Your instructions: Range to output from the entries below: the line containing "Canon EF 35-80mm" through the line containing "Dior Black Cannage". Set it down exactly, ends included, nothing else.

___ Material for this task

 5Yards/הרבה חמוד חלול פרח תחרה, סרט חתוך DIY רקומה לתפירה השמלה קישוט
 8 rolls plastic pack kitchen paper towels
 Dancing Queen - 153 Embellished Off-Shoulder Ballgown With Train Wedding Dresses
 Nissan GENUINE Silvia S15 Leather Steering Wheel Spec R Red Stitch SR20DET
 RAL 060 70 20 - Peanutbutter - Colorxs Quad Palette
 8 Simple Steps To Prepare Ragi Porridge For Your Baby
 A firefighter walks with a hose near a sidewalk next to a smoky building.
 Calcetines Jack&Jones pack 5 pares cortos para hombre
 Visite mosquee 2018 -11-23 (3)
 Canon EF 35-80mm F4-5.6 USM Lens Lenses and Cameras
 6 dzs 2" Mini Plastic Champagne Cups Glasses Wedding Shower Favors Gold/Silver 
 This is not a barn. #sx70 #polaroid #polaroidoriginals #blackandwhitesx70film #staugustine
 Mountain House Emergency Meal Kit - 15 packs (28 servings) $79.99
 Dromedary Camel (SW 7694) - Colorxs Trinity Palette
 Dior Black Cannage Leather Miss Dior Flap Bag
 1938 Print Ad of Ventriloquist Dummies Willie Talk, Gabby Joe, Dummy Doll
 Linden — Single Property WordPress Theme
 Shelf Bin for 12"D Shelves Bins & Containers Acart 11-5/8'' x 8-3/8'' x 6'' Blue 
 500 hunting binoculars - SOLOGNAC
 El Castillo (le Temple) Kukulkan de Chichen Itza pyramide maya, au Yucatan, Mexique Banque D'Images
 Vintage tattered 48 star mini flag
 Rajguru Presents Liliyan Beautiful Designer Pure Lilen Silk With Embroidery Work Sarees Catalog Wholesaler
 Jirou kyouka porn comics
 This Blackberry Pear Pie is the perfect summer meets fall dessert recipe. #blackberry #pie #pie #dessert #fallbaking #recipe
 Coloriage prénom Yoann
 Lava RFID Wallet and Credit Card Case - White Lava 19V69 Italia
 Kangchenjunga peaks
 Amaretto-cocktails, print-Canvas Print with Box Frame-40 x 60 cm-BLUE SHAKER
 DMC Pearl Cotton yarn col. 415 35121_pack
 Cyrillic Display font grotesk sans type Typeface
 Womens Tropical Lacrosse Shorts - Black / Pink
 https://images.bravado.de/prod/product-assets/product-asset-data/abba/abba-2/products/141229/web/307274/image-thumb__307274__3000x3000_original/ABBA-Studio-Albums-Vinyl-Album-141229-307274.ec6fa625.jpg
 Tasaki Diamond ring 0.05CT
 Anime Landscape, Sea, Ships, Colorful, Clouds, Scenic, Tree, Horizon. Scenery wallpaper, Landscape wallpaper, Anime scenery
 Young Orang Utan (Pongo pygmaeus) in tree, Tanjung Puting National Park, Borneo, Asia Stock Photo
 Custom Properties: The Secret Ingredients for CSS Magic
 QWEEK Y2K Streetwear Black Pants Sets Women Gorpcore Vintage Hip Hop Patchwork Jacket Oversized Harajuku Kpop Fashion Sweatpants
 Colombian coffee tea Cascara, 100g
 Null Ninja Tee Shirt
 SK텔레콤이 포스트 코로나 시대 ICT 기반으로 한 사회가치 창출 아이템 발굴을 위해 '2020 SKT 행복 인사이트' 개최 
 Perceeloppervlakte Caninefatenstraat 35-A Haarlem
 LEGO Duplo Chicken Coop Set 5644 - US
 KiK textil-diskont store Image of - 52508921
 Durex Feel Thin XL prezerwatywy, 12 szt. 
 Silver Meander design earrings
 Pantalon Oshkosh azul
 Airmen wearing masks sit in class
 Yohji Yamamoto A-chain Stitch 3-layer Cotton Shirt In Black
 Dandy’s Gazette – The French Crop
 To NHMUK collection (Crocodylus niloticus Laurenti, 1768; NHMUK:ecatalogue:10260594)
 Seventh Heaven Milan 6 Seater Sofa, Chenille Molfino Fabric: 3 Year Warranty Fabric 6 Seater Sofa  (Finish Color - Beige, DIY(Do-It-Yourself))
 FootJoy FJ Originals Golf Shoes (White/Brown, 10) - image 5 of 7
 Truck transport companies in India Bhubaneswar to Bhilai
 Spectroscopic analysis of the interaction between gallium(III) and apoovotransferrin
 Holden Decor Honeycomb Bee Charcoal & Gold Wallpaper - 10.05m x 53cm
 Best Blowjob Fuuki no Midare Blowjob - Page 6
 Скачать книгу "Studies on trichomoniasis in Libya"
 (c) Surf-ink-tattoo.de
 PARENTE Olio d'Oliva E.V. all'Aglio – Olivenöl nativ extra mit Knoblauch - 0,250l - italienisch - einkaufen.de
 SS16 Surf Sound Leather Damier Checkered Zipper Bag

______

Answer to this problem:
 Canon EF 35-80mm F4-5.6 USM Lens Lenses and Cameras
 6 dzs 2" Mini Plastic Champagne Cups Glasses Wedding Shower Favors Gold/Silver 
 This is not a barn. #sx70 #polaroid #polaroidoriginals #blackandwhitesx70film #staugustine
 Mountain House Emergency Meal Kit - 15 packs (28 servings) $79.99
 Dromedary Camel (SW 7694) - Colorxs Trinity Palette
 Dior Black Cannage Leather Miss Dior Flap Bag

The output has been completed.